Link to Video Presentation
Calcium
The recommendation of calcium for the prevention of osteoporosis is one of a multitude of examples of how often the current practice of mainstream medicine is missing the mark. Many people are deficient in calcium because the standard acidic processed diet is high in hidden phosphates from processed foods which inhibit the absorption of calcium. In addition, by eating large quantities of meats and sweets, this makes the body acidic. This acid requires a huge amount of buffering. When the plasma buffer reserves are exhausted, the body calls upon calcium from the bone to buffer. Hence, eating phosphate laden processed foods causes calcium loss from bones.
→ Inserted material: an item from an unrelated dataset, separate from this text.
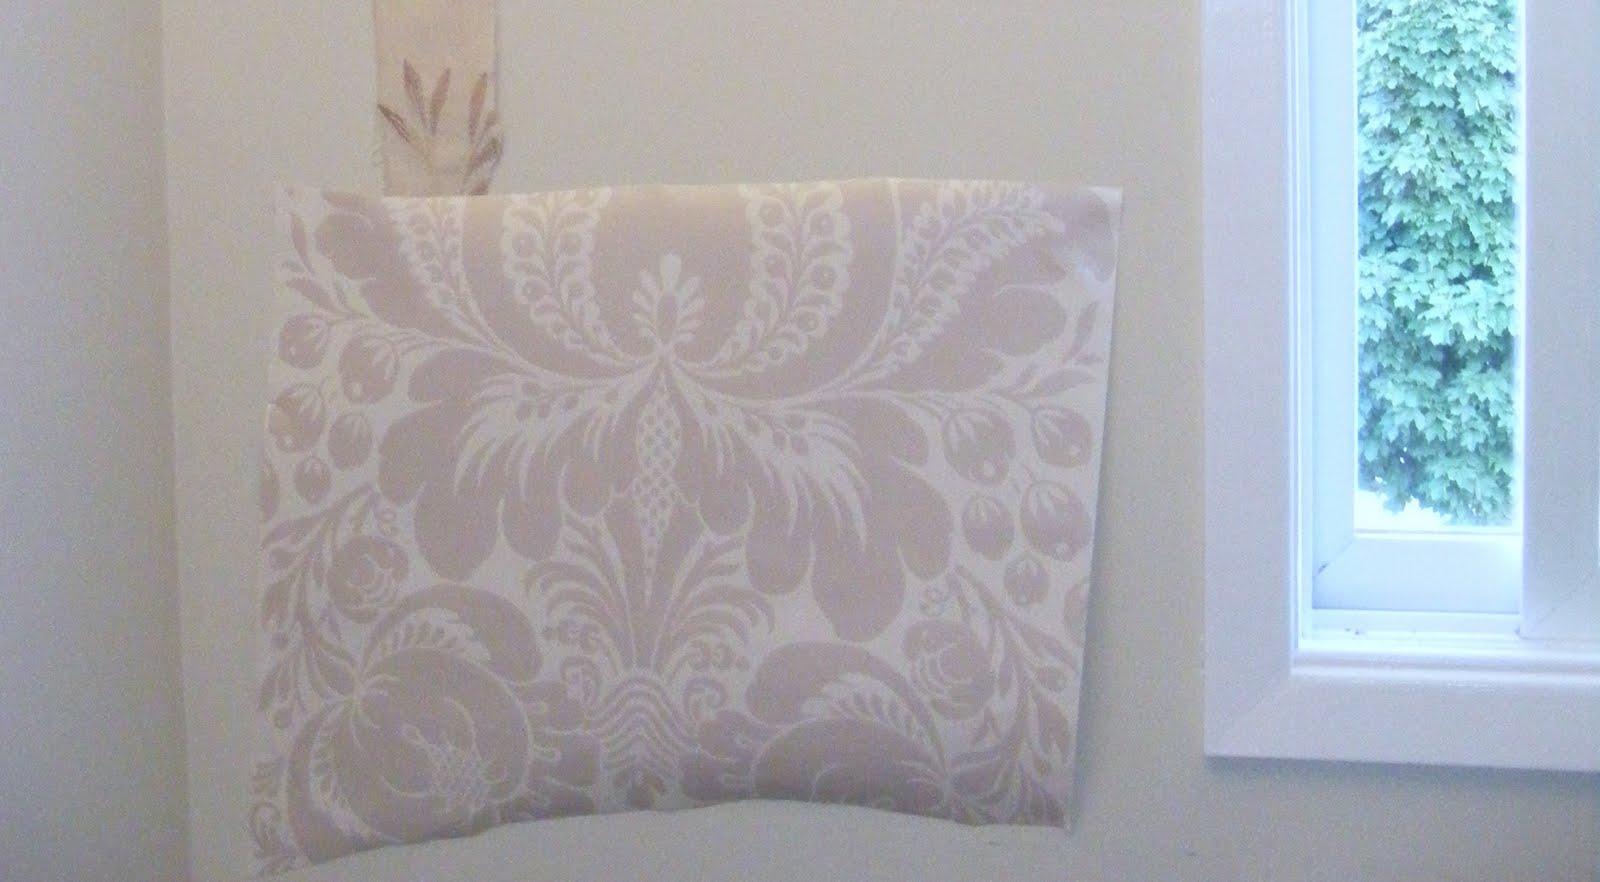 http://3.bp.blogspot.com/-eJQd7_OI4ME/Ti4SCFXmAxI/AAAAAAAAAO8/WnxEc4gbGY0/s1600/wallpaper+sample+2.JPG

To build bone, calcium is laid down in bone only when enough of the complementary minerals are present, such as zinc, copper, boron, and magnesium. When these are not present in optimal amounts, taking extra calcium merely deposits the calcium in the toxic waste heap of the body, the blood vessel wall. So instead of building bone, the calcium is used to accelerate arteriosclerosis, aging and disease.
In other words, by haphazardly recommending calcium to a nation of people who are already consuming vast quantities of cheese, milk, ice cream and meats, and without measuring the blood levels of zinc, copper, magnesium, we are potentiating the development of vascular calcifications instead of bone calcification. We are enhancing the deposition of extra calcium in the vessels of the heart and brain that hastens coronary artery disease, arteriosclerotic and nutrient-deficient depression, and senile brain disease.
Beware if you are supplementing with Calcium as it cannot get into the bone unless you have enough of the other minerals needed to incorporate it and hold it in the bone. These include magnesium, manganese, selenium, molybdenum, zinc, copper, etc. Taking calcium without assessing and correcting for deficiencies of these minerals, forces the calcium into the arteries of the body in the brain and in the heart. When you are deficient in the minerals that hold calcium in the bone, calcium cannot be taken up into the bone. SO instead it gets taken up by the toxic waste site; the cholesterol patches of damaged arteries. Hence the term hardening (calcification) of the arteries.